**Recorded information**

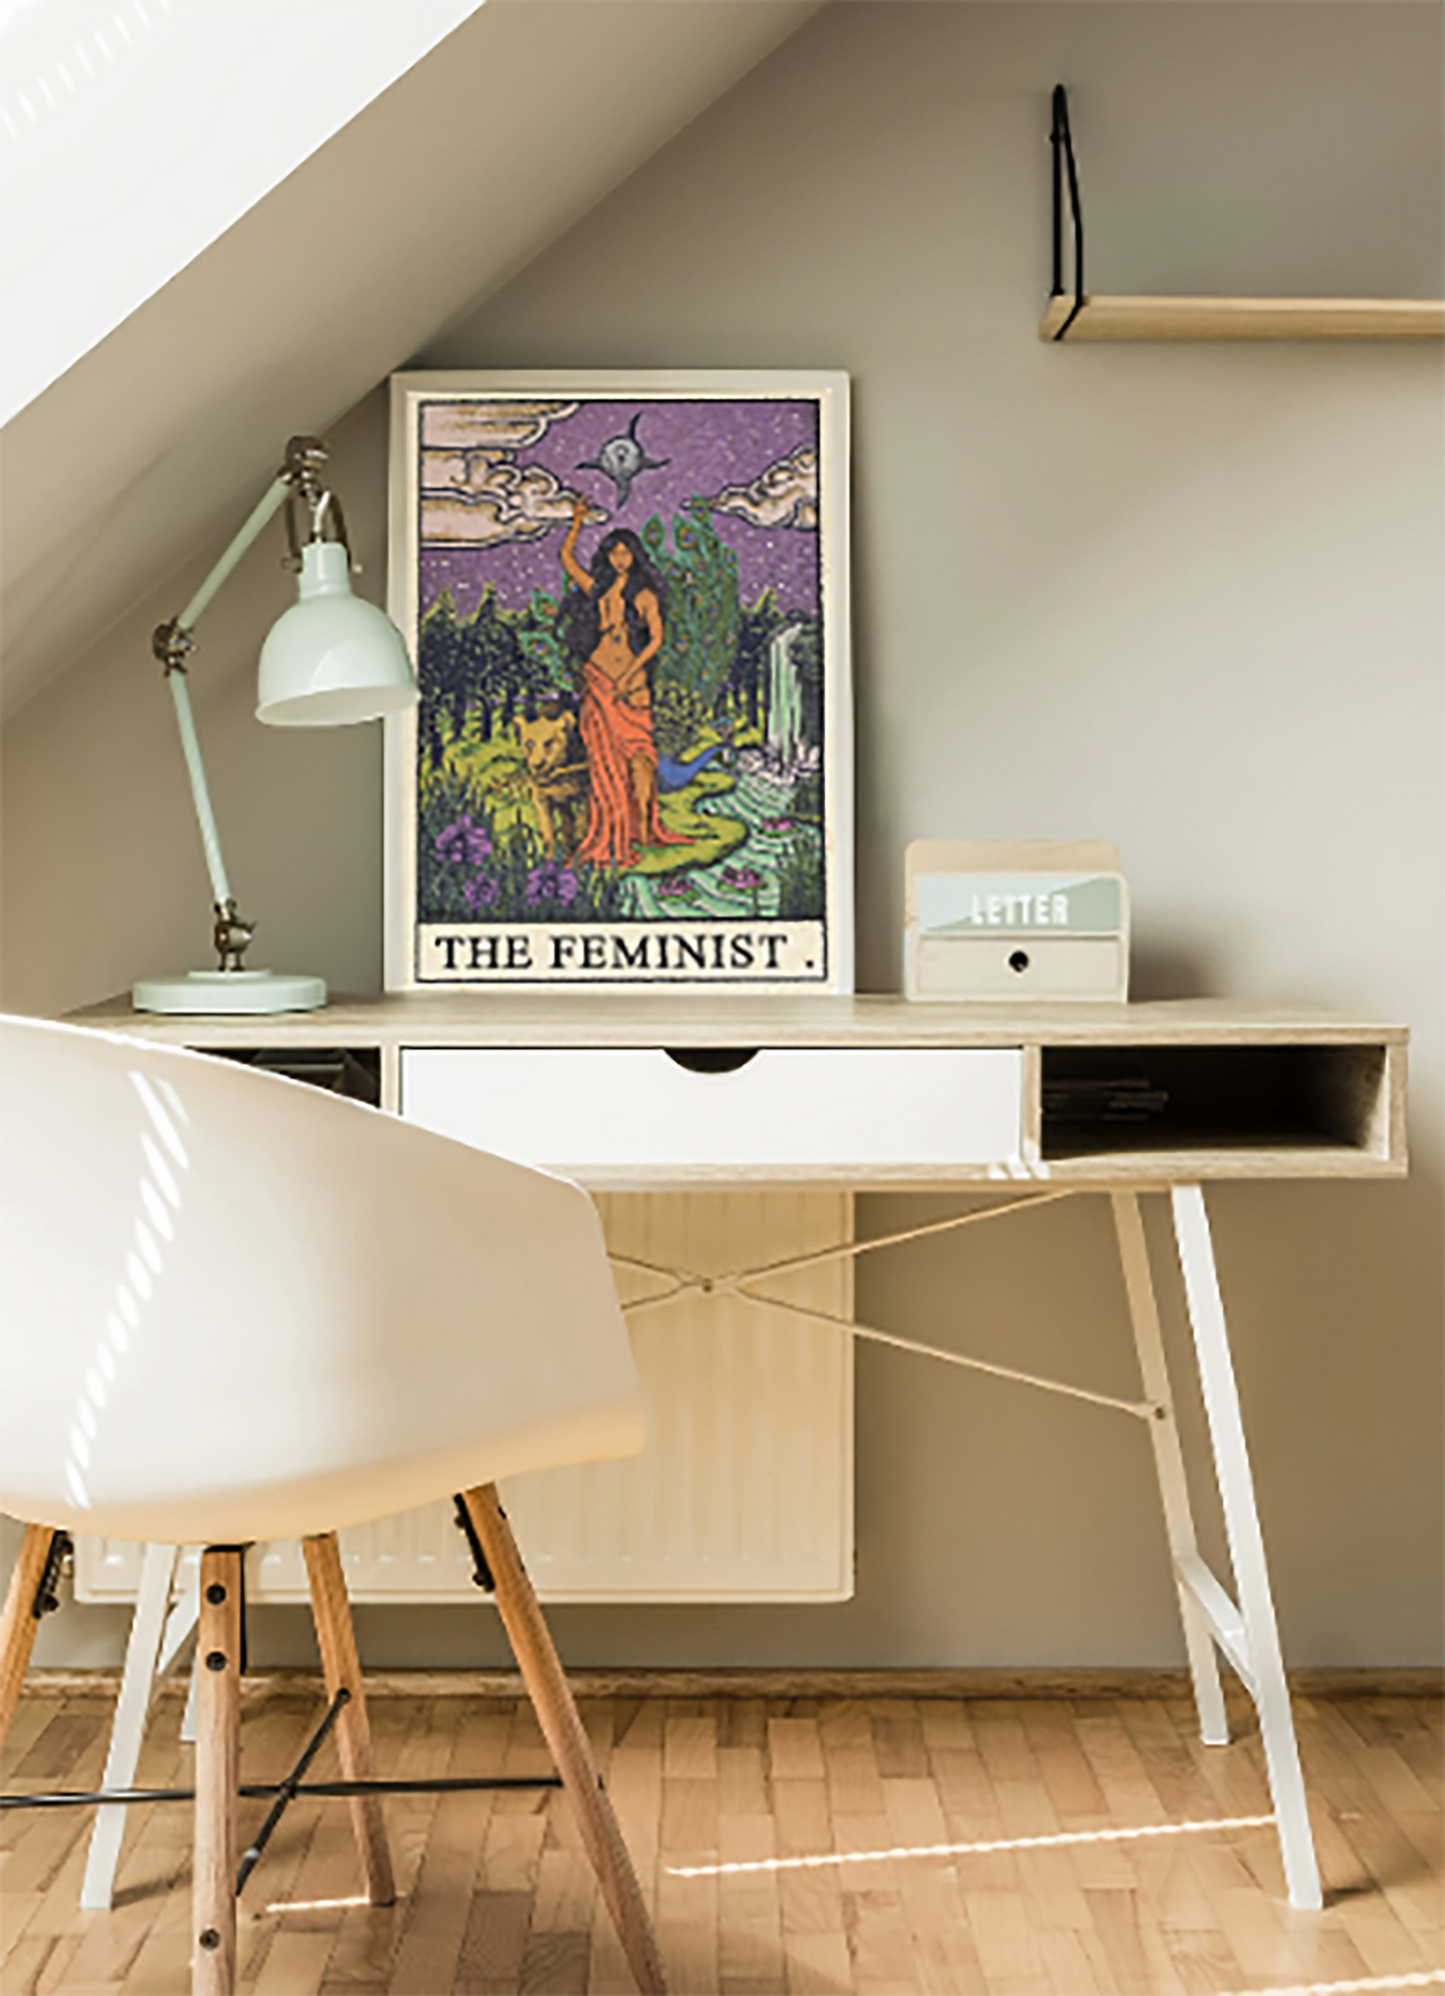 "The Feminist" Framed Premium Matte Poster
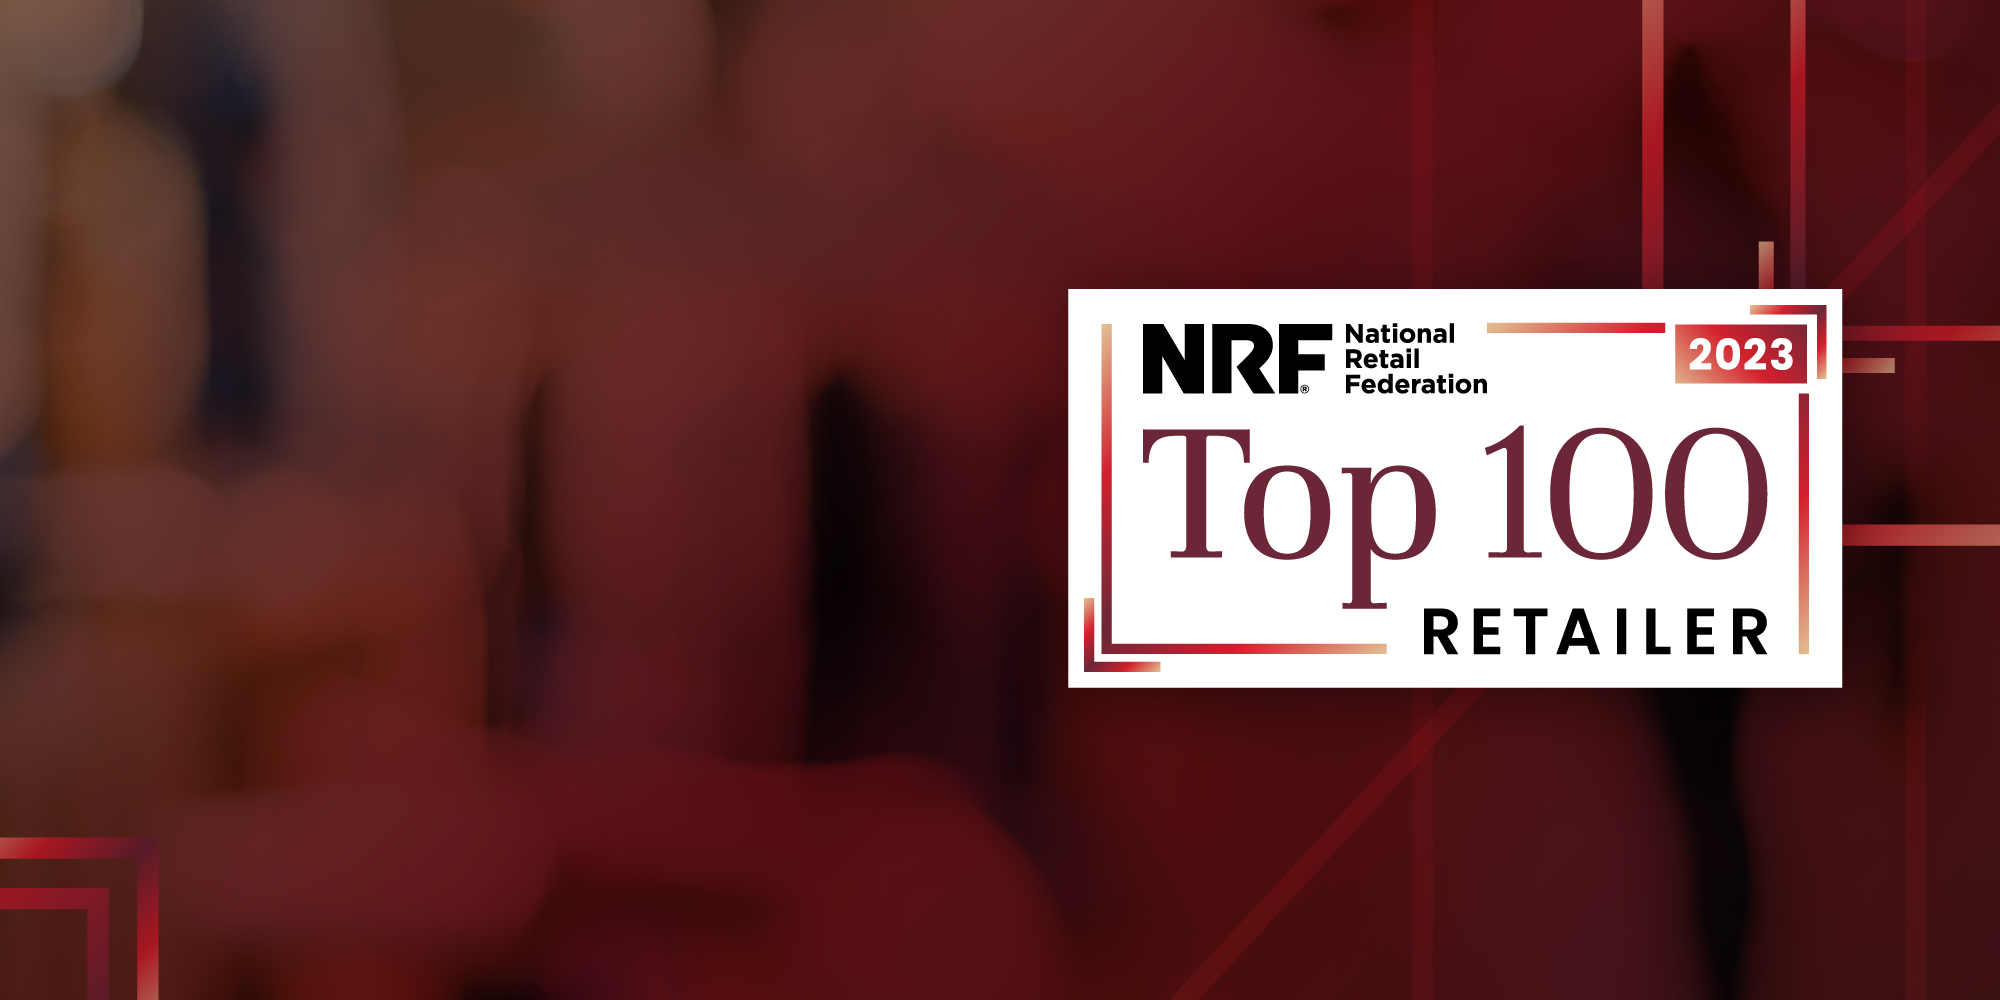 NRF Top 100 Retailers 2023 List
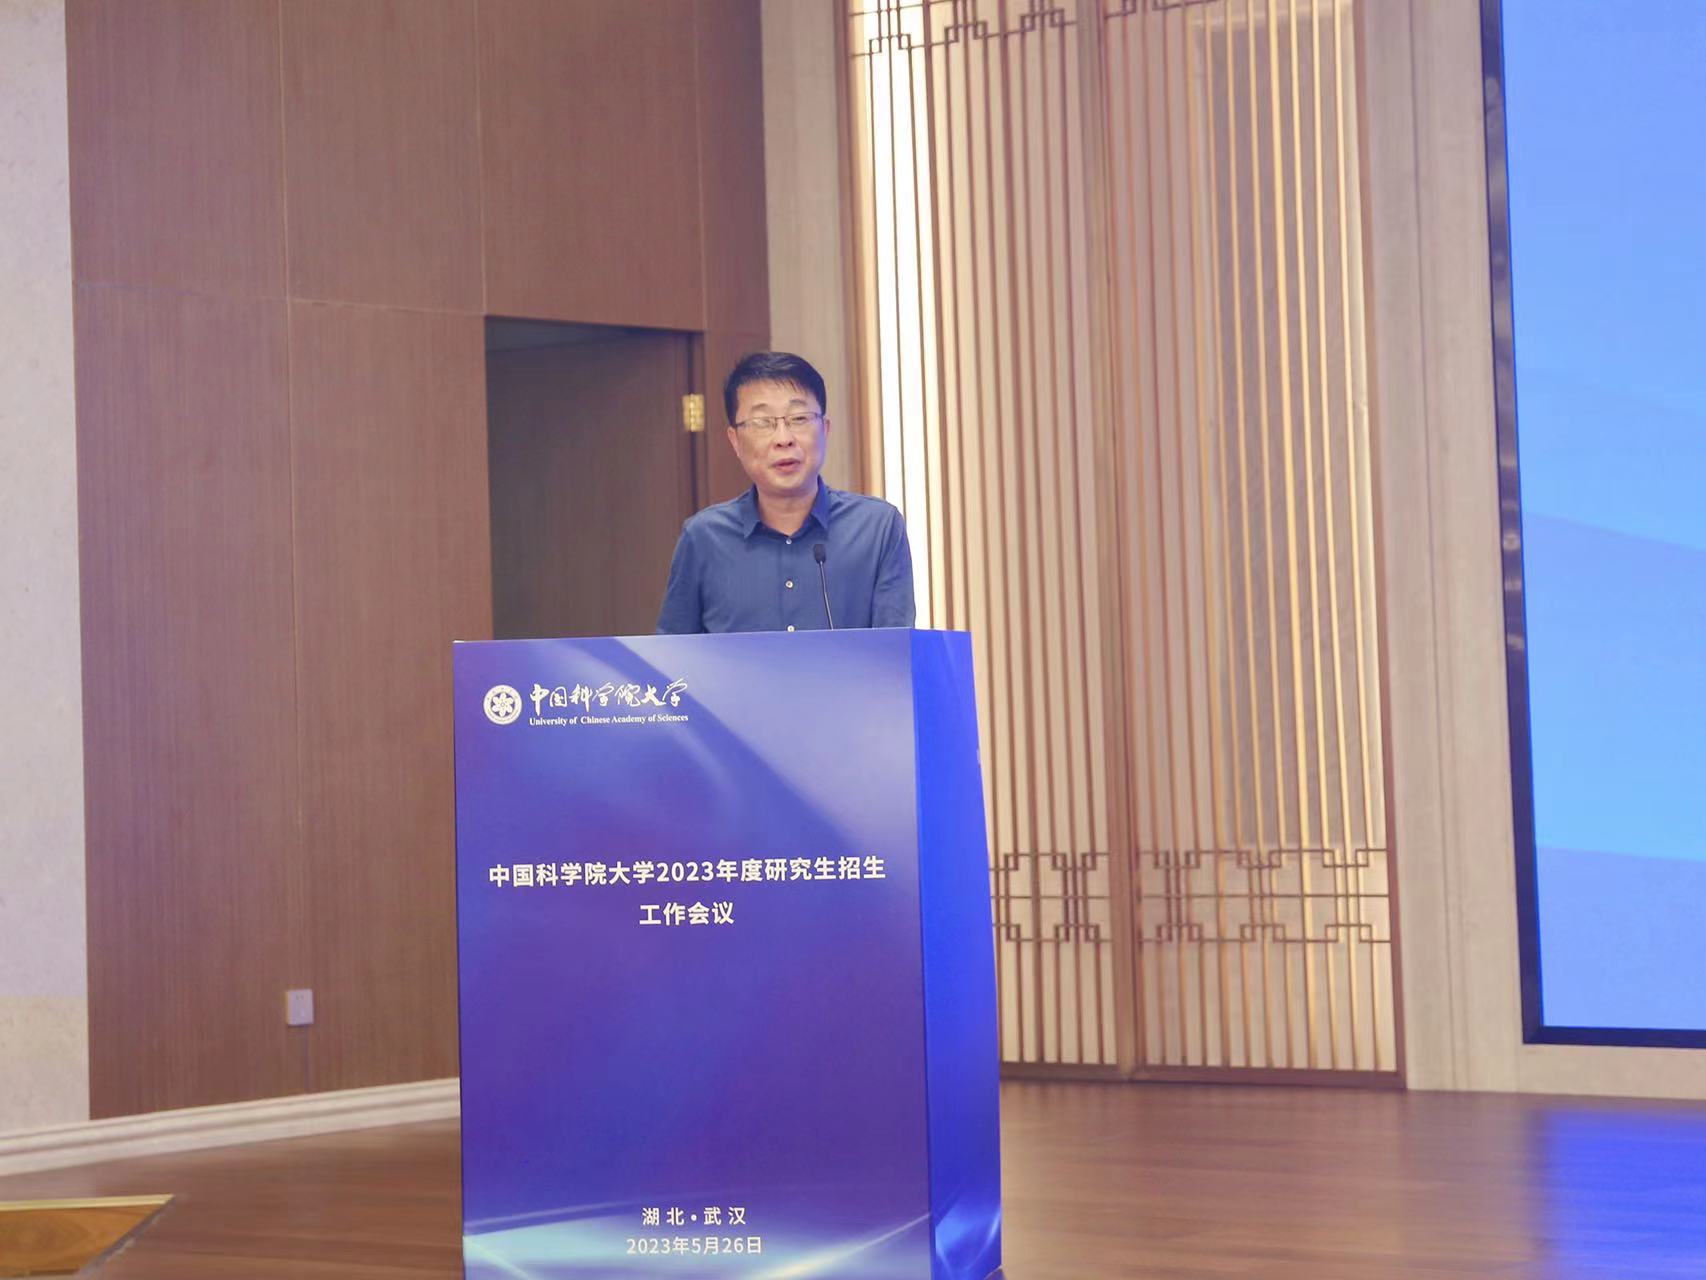 中国科学院大学2023年度研究生招生工作会议在武汉召开

**Your task**
What is needed is the data above, retyped exactly, with every picture left out.

**Solution**
 "The Feminist" Framed Premium Matte Poster
 NRF Top 100 Retailers 2023 List
 中国科学院大学2023年度研究生招生工作会议在武汉召开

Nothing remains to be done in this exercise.